What you have to do:
Go through the records below and copy out every line holding "iPad".

[Saved entries]
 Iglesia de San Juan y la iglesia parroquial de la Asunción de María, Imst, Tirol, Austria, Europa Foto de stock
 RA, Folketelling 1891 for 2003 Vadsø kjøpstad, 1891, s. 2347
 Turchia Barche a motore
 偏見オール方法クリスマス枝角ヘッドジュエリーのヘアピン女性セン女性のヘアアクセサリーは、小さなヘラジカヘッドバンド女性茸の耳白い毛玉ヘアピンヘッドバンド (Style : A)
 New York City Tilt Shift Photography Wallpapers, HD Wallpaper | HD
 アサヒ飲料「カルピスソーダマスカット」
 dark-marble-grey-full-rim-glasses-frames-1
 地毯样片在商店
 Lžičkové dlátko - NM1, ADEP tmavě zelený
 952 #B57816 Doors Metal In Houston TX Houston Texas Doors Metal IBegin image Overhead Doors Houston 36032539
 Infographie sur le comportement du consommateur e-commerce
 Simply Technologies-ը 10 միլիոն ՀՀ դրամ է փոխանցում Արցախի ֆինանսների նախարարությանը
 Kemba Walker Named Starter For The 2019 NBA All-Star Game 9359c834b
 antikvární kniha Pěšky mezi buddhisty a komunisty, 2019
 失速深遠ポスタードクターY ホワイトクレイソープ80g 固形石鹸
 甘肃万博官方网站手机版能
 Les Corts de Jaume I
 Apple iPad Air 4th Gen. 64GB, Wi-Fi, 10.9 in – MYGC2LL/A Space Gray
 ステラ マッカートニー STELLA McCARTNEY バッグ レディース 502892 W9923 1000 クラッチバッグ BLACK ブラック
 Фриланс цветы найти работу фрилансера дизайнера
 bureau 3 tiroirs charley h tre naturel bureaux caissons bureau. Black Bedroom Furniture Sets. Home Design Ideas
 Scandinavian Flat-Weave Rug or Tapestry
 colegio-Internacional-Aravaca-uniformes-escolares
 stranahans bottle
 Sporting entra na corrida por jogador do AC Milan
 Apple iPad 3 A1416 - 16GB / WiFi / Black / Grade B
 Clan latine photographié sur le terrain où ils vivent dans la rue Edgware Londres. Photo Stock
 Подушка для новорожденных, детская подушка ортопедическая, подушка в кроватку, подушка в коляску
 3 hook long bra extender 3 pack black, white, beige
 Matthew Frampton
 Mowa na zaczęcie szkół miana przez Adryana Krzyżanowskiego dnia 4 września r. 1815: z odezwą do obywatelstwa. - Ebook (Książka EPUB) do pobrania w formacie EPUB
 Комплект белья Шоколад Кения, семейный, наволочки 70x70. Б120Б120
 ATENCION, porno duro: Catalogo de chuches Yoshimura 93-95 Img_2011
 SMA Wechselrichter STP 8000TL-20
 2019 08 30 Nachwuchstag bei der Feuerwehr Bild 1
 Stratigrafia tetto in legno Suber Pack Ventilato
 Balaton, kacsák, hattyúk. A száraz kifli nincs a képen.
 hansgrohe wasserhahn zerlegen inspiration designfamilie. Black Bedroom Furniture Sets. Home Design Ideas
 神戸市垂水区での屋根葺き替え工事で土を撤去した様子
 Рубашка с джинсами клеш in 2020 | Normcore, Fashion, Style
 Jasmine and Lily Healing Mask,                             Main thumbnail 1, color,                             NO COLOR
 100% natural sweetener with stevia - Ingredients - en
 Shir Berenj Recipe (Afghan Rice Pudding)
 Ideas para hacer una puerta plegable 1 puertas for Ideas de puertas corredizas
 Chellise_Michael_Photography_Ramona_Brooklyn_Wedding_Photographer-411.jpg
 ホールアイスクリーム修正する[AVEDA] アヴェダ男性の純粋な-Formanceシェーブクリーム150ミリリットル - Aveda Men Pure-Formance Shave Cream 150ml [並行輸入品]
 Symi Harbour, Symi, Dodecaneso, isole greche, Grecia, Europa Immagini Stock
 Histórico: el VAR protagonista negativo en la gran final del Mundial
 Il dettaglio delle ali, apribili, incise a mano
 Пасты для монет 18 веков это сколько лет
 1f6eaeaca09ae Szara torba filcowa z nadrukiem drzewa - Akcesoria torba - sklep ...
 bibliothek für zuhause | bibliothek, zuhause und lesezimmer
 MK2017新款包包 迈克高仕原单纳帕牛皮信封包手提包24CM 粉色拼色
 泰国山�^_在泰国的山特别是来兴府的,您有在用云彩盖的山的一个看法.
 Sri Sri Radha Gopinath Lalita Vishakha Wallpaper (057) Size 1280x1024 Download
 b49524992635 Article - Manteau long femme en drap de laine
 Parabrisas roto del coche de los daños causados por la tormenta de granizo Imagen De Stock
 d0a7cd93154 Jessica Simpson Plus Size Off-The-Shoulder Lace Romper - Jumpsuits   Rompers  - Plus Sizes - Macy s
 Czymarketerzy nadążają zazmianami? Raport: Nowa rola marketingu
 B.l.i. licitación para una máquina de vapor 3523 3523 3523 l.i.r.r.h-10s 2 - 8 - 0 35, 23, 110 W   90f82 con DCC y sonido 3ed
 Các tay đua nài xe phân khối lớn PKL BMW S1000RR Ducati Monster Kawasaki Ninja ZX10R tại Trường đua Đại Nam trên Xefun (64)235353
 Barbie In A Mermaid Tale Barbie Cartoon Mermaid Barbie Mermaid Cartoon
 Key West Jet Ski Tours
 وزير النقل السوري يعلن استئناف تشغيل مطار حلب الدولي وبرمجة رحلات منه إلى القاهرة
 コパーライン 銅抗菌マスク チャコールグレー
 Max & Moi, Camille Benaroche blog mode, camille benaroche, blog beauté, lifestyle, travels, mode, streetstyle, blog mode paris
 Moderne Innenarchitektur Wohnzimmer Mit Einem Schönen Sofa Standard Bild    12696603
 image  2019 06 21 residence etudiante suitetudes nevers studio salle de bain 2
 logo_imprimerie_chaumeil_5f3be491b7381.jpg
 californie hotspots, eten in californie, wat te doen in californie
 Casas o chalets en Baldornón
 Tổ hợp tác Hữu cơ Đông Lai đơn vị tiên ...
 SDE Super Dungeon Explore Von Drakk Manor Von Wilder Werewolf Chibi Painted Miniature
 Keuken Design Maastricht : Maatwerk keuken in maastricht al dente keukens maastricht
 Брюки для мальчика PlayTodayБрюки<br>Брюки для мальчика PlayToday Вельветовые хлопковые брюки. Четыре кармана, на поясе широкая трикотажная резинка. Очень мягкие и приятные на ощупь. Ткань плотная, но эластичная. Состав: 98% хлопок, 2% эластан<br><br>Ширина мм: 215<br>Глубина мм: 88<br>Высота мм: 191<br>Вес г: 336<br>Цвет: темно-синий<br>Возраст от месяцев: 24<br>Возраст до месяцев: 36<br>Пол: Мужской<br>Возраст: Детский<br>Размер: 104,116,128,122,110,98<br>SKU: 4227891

Answer to the problem:
 Apple iPad Air 4th Gen. 64GB, Wi-Fi, 10.9 in – MYGC2LL/A Space Gray
 Apple iPad 3 A1416 - 16GB / WiFi / Black / Grade B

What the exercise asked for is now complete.